Nuove indagini nel Fondo Iozzino per svelare gli ultimi misteri irrisolti del Santuario extraurbano
POMPEI. Nuove indagini scientifiche universitarie stanno cercando di dare risposte ai pochi segreti rimasti irrisolti sull’antico santuario edificato in un’area extra urbana dell’antica Pompei (attualmente corrispondente all’ex fondo Iozzino, situato nel cuore della città moderna, fuori dal perimetro del Parco Archeologico) dopo che è stata chiarita la funzione del luogo di culto e soprattutto la presenza di una componente nobile di origine etrusca tra le popolazioni osche che hanno fatto nascere la Pompei romana.
Tutto comincia nel 1960, quando nel suburbio meridionale dell’antica di Pompei furono portati alla luce due recinti paralleli (temenos) con basamenti per statue. L’analisi delle strutture edili e dei reperti rinvenuti, tra cui tre statue di grandi dimensioni di divinità femminili in terracotta, consentirono l’identificazione di un antico santuario extraurbano costruito, come era nell’uso dell’epoca, in prossimità degli snodi di importanti vie di collegamento.
Le indagini successive (le ultime nel 2014 e nel 2017, per approfondire leggi l’articolo qui) hanno restituito monete in bronzo, frammenti di lance, giavellotti, frecce in ferro, ceramica a vernice nera, sovra-dipinta, miniaturistica e moltissimo bucchero, che consente di datare al VI secolo a.C. la piena frequentazione del Santuario, fino alla fine del II secolo a.C.

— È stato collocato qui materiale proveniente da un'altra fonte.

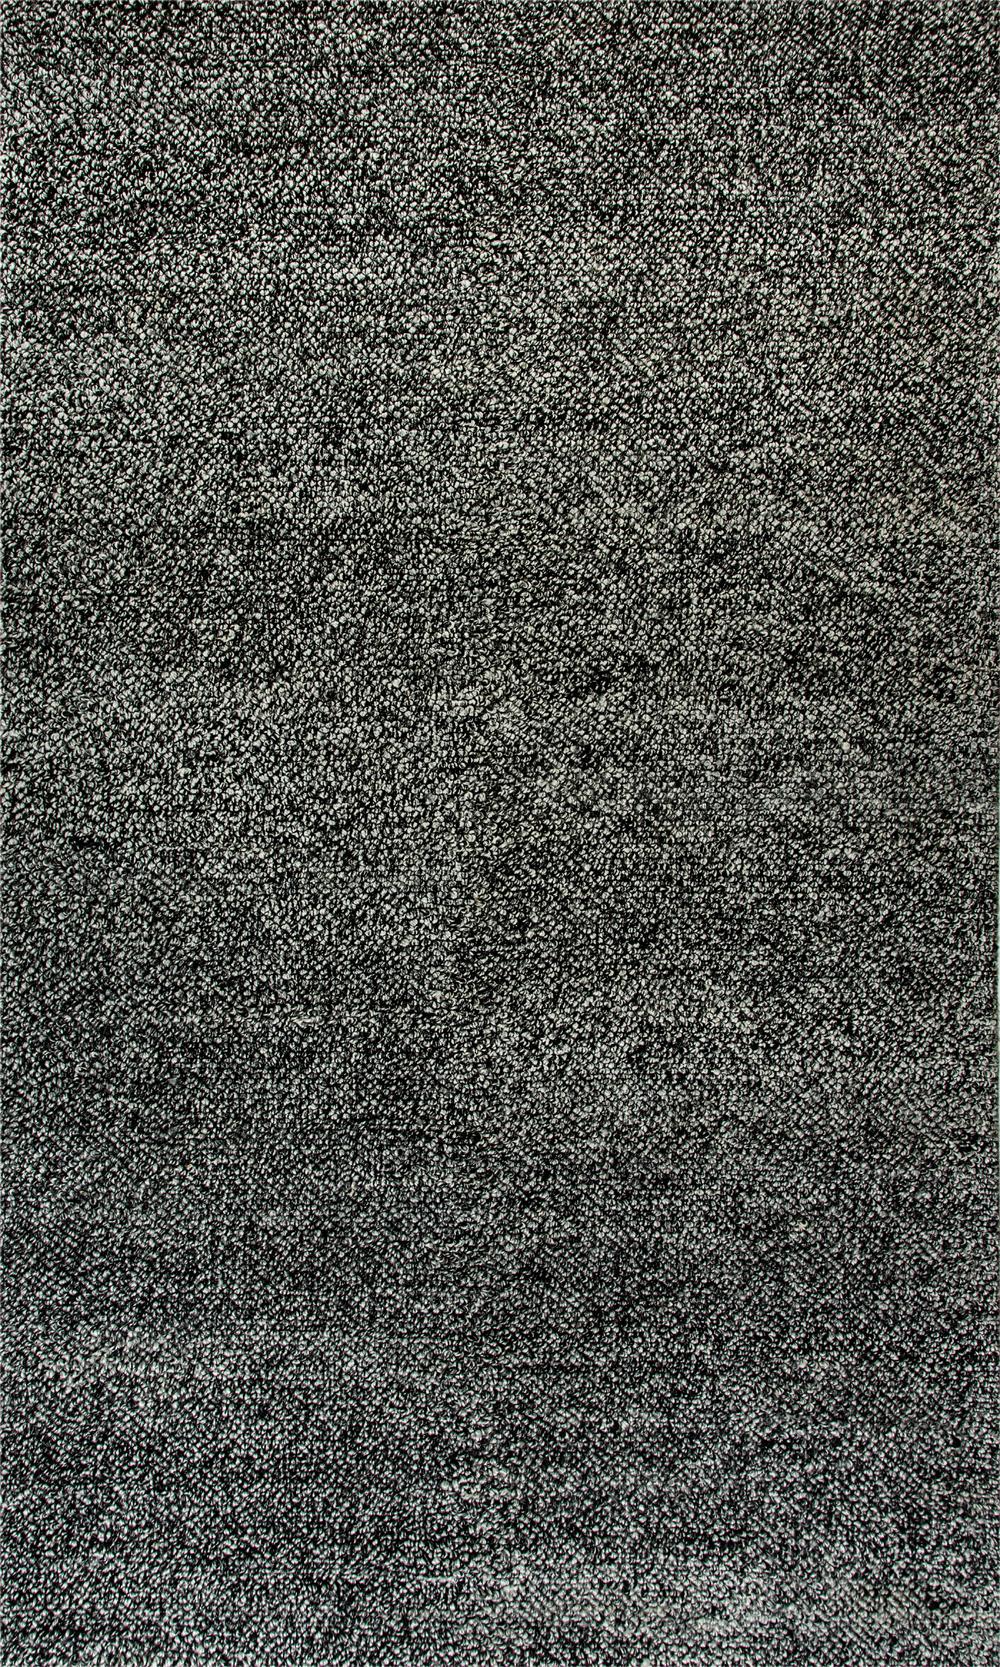 Dynamic ZEST 40803 IVORY/GREY Rug

I graffiti sui vasi in bucchero raccontano che nel Santuario era venerato Apa (Padre), riconducibile al culto ctonio di origine etrusca (tipo quello di Zeus). Le indagini universitarie partite quest’anno hanno per obiettivo la conclusione delle ricerche all’interno del recinto sacro, al fine di predisporre il quadro completo dell’area che si situa in bassa collina (m 20 s.l.m.) in prossimità dell’originaria foce del Sarno, nel suburbio meridionale dell’antica Pompei.
La indagini stratigrafiche più interessanti, invece, riguardano l’interno del recinto minore, in cui uno strato compatto di riporto (alto circa 40 centimetri) è formato da materiale votivo posto al di sotto delle fondazioni delle strutture in opera incerta, indicandone l’anteriorità. Il deposito stesso risulta sigillato da una pavimentazione in ciottoli e malta.
Nel deposito era conservata prevalentemente ceramica a vernice nera (coppette e piatti le forme più attestate), inquadrabile tra la fine del IV e il III secolo a.C.; e ancora: ceramica acroma; ceramica a figure rosse italiota di fine IV secolo a.C.; ceramica miniaturistica, rinvenuta in grandissima quantità (coppette in ceramica comune grezza e calici acromi in prevalenza); bucchero di fabbrica campana (scodelle carenate e kantharoi); frammenti di arule e terrecotte architettoniche; pochi frammenti di coroplastica; alcune monete bronzee.
L’analisi dei materiali fa ipotizzare l’esistenza di un luogo di culto a partire dal VII secolo a.C., che avrebbe avuto particolare rilevanza nel corso del III secolo e successivamente ristrutturato in età romana, mentre il Santuario sarebbe stato in stato di abbandono all’epoca dell’eruzione del 79 d.C.